[[ INPUT DATA open ]]

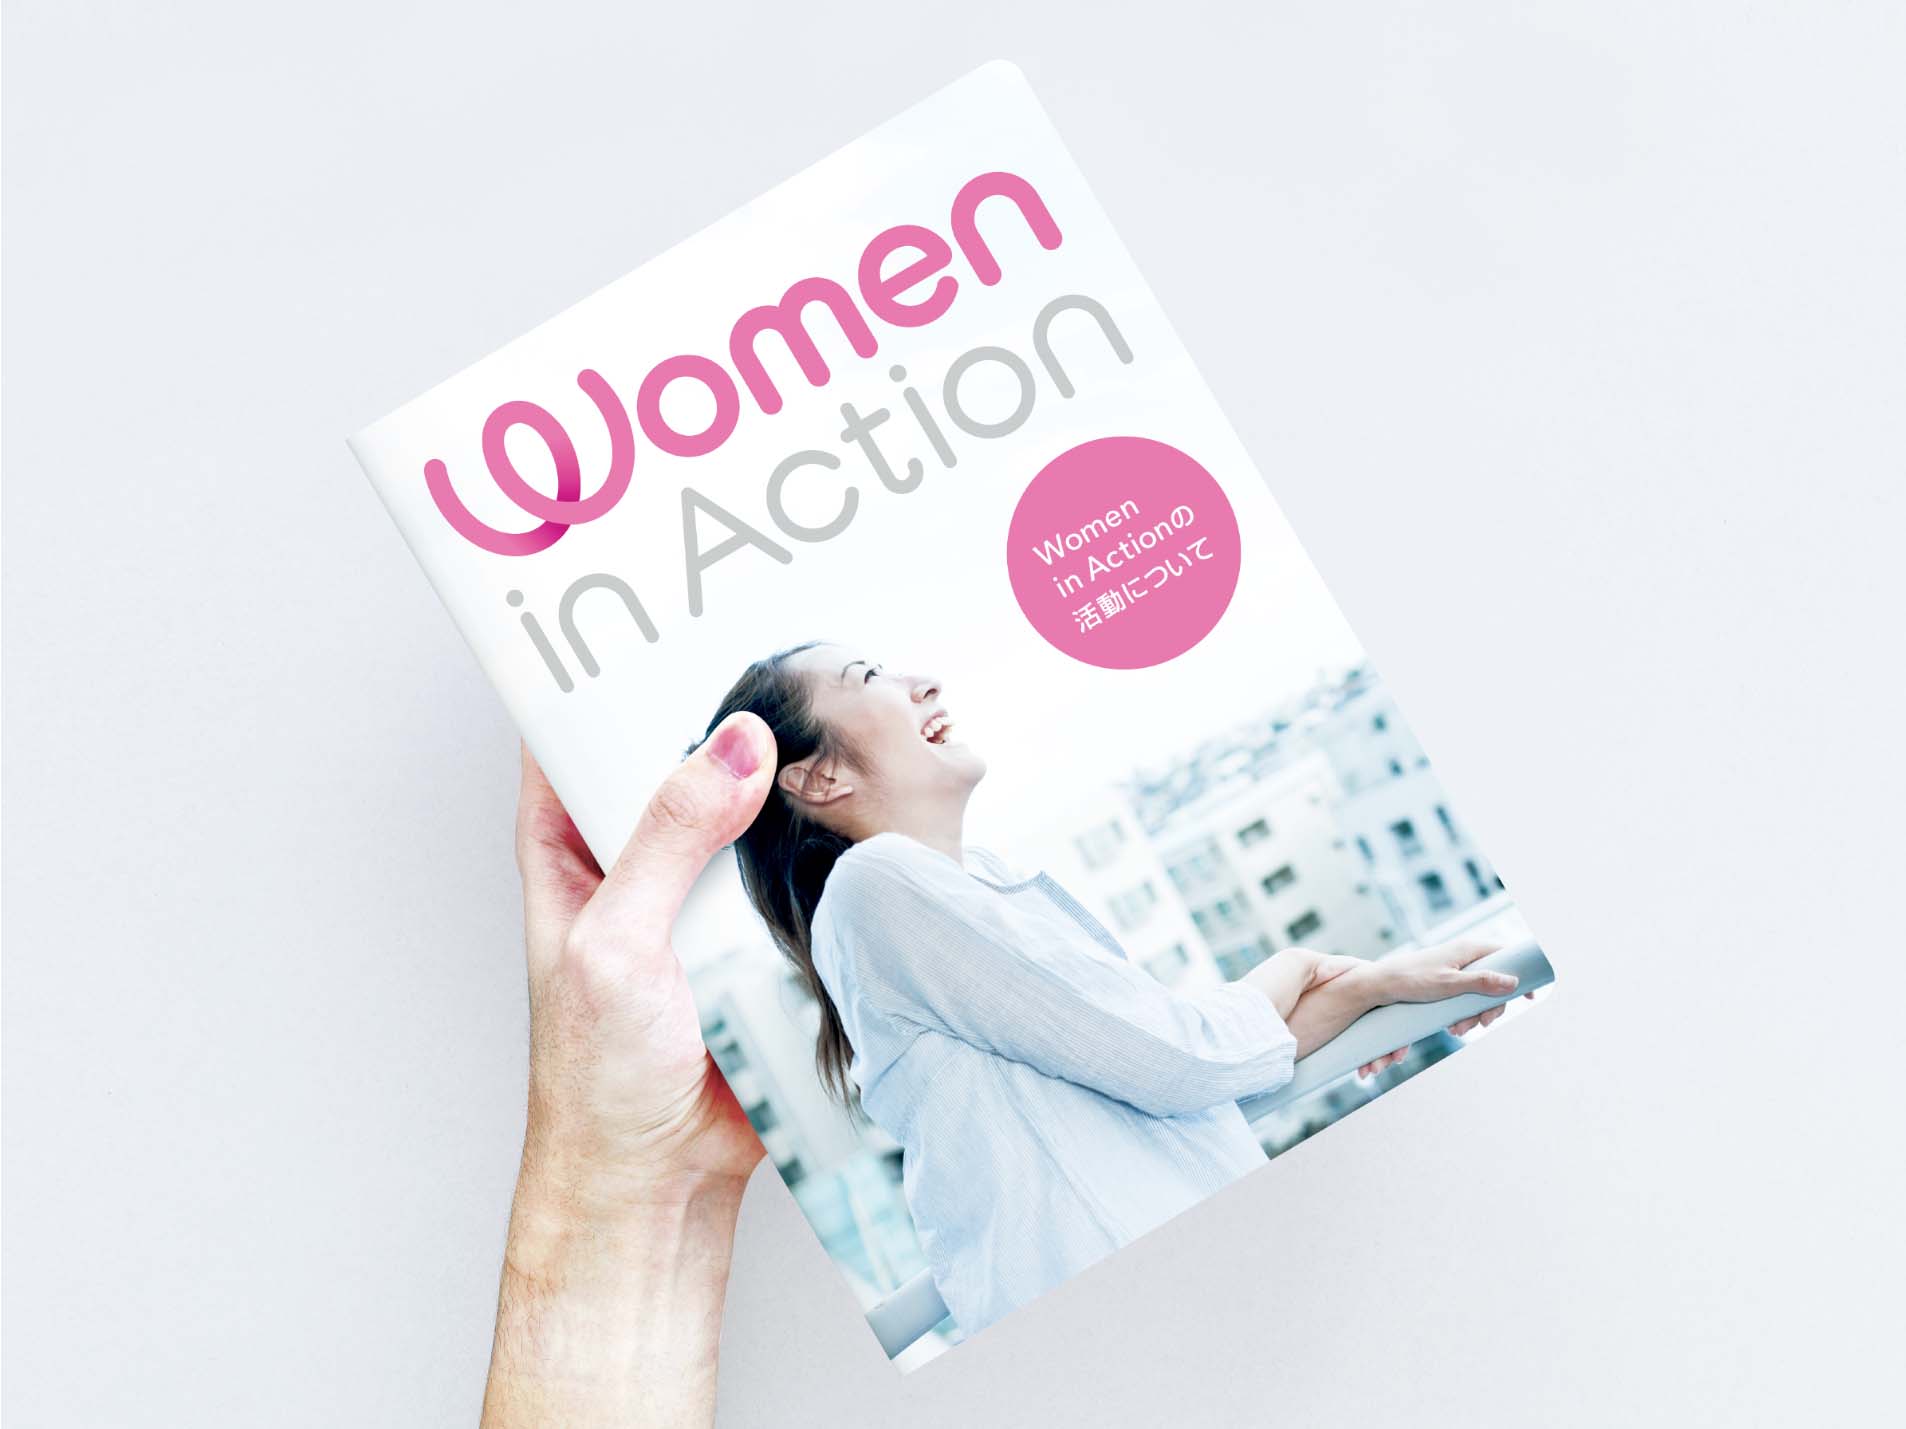 women in action branding
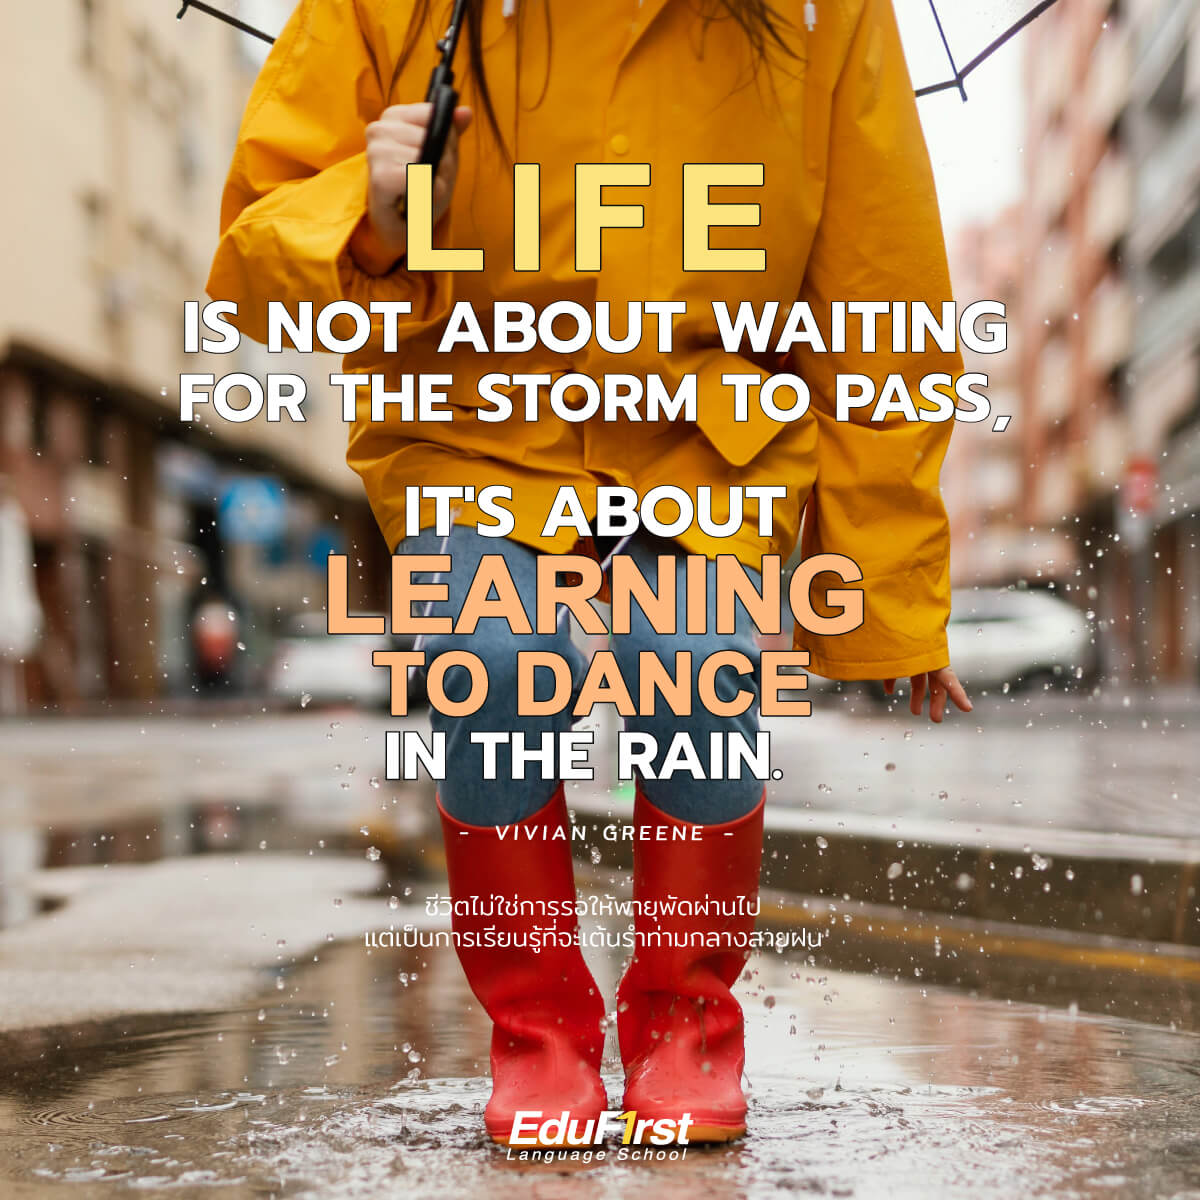 คำคมภาษาอังกฤษ Life Quote "Life isn't about waiting for the storm to pass. It's about learning to dance in the rain." - Vivian Greene<br />
ชีวิตไม่ใช่การรอให้พายุพัดผ่านไป แต่เป็นการเรียนรู้ที่จะเต้นรำท่ามกลางสายฝน

[[ INPUT DATA closed ]]

_EXERCISE DESCRIPTION_: Write the material out again word for word and omit any images.

_WRITTEN REPLY_:
 women in action branding
 คำคมภาษาอังกฤษ Life Quote "Life isn't about waiting for the storm to pass. It's about learning to dance in the rain." - Vivian Greene<br />
ชีวิตไม่ใช่การรอให้พายุพัดผ่านไป แต่เป็นการเรียนรู้ที่จะเต้นรำท่ามกลางสายฝน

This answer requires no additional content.